# social welfare telephone allowance



## fernrock (14 Dec 2011)

I am in receipt of Sw telephone allowance ( oap living alone free rental) but, my phone provider (not eircom) charges me 3.41 per month rental.
A relation in a similar position but, with eircom has no rental charge.

Can anybody say if I am being overcharged.

fernrock


----------



## gipimann (15 Dec 2011)

The Dept of Social Protection did a deal with eircom - the allowance which was reduced from September 2011 doesn't cover the monthly rental, but eircom agreed not to charge customers the balance.

The deal didn't apply to other phone providers, which is why you're being charged a small rental fee.

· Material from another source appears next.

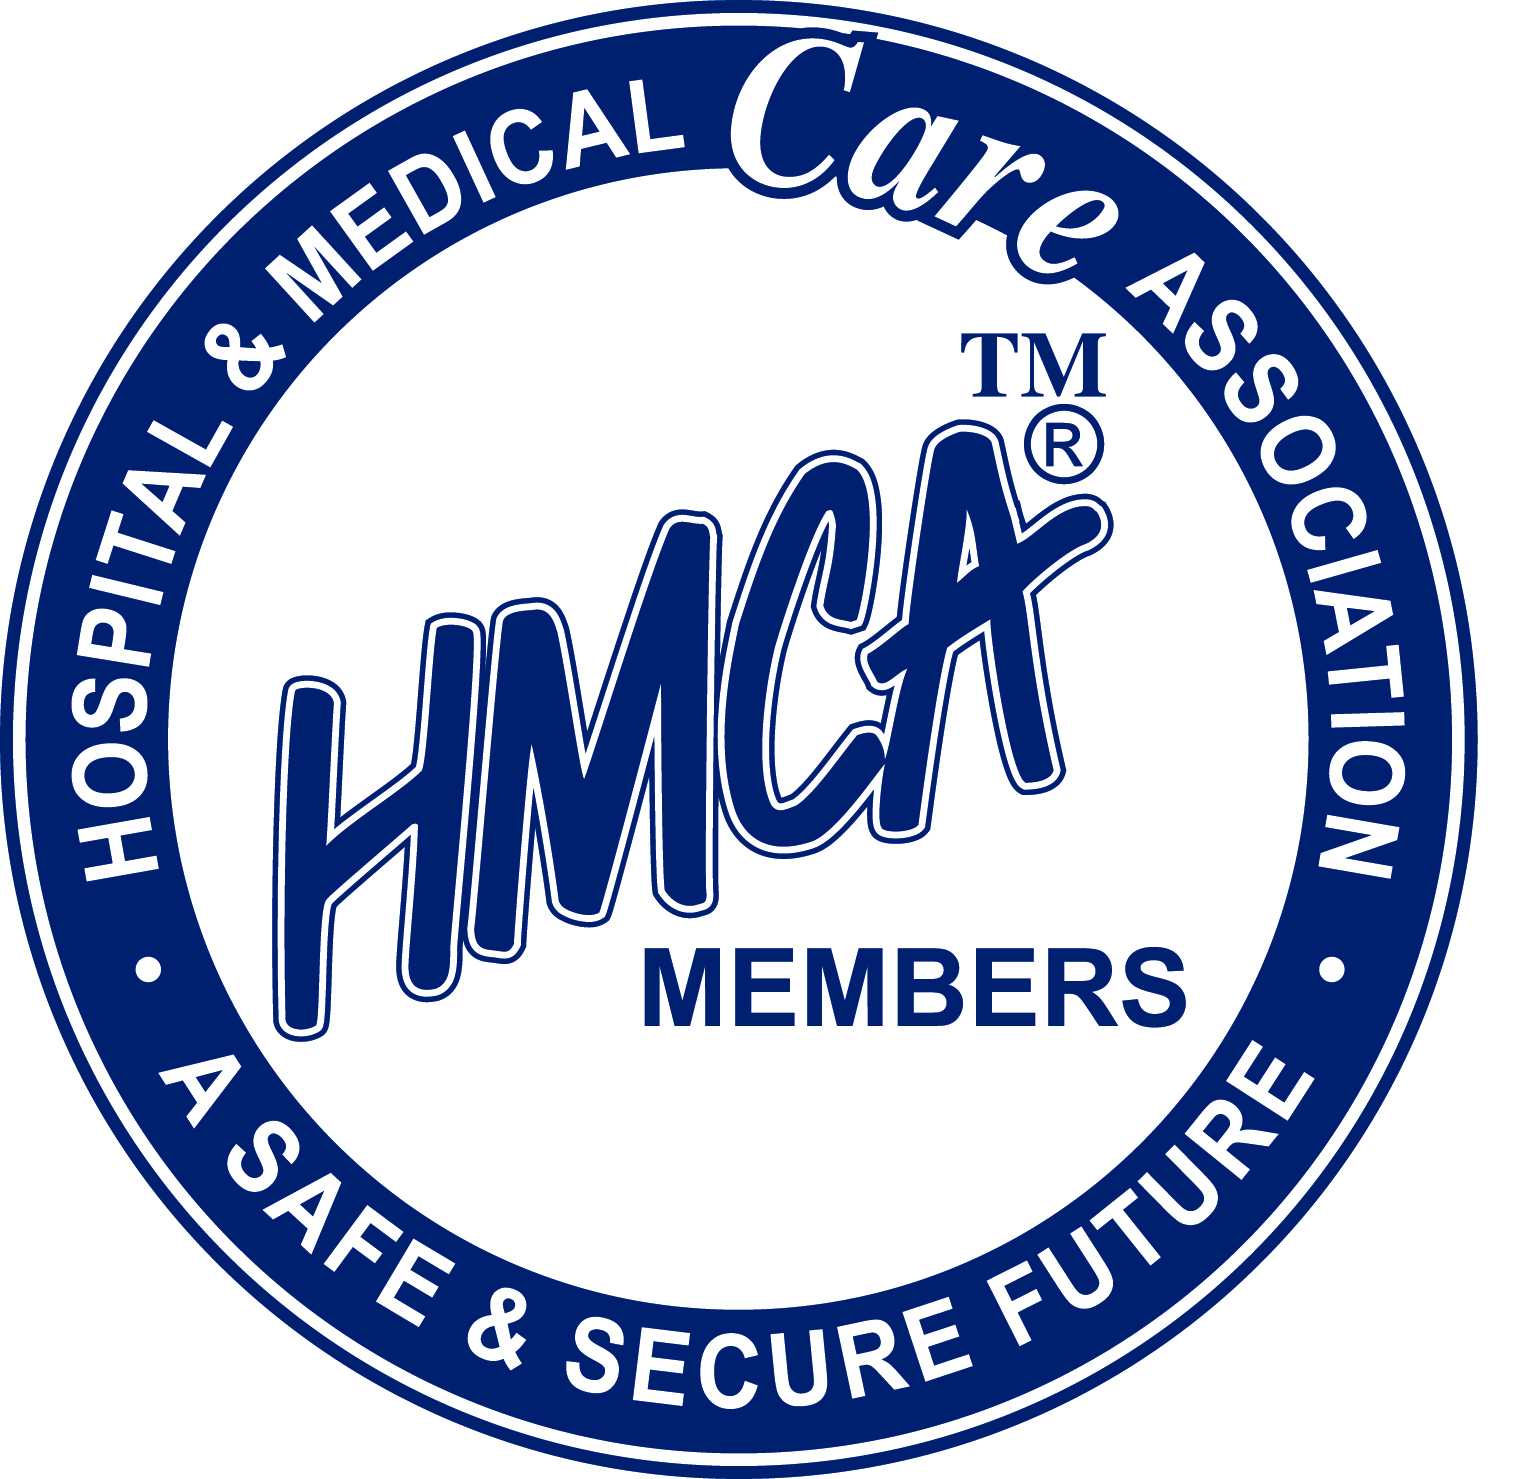 Hospital & Medical Care Association (HMCA)

Here's the quote from the Minister's press release in July 2011

_The Telephone Allowance will be set at €22.22 per month (from €25.91 per month) from September 2011. However, the Department of Social Protection has negotiated with Eircom, the main supplier, to ensure that all Eircom customers will get a value of €26.86 towards their telephone bill.   _


----------



## fernrock (15 Dec 2011)

Thanks for that info
Guess I will have to balance between paying €3.41 rental with "Free" after 6pm calls (UTV), and, no rental and paying for all calls --Eircom.

Looks like a case for the competition authority.
While Eircom dropped their retail price to SW customers , they did not drop their wholesale price to their competitors.

Fernrock


----------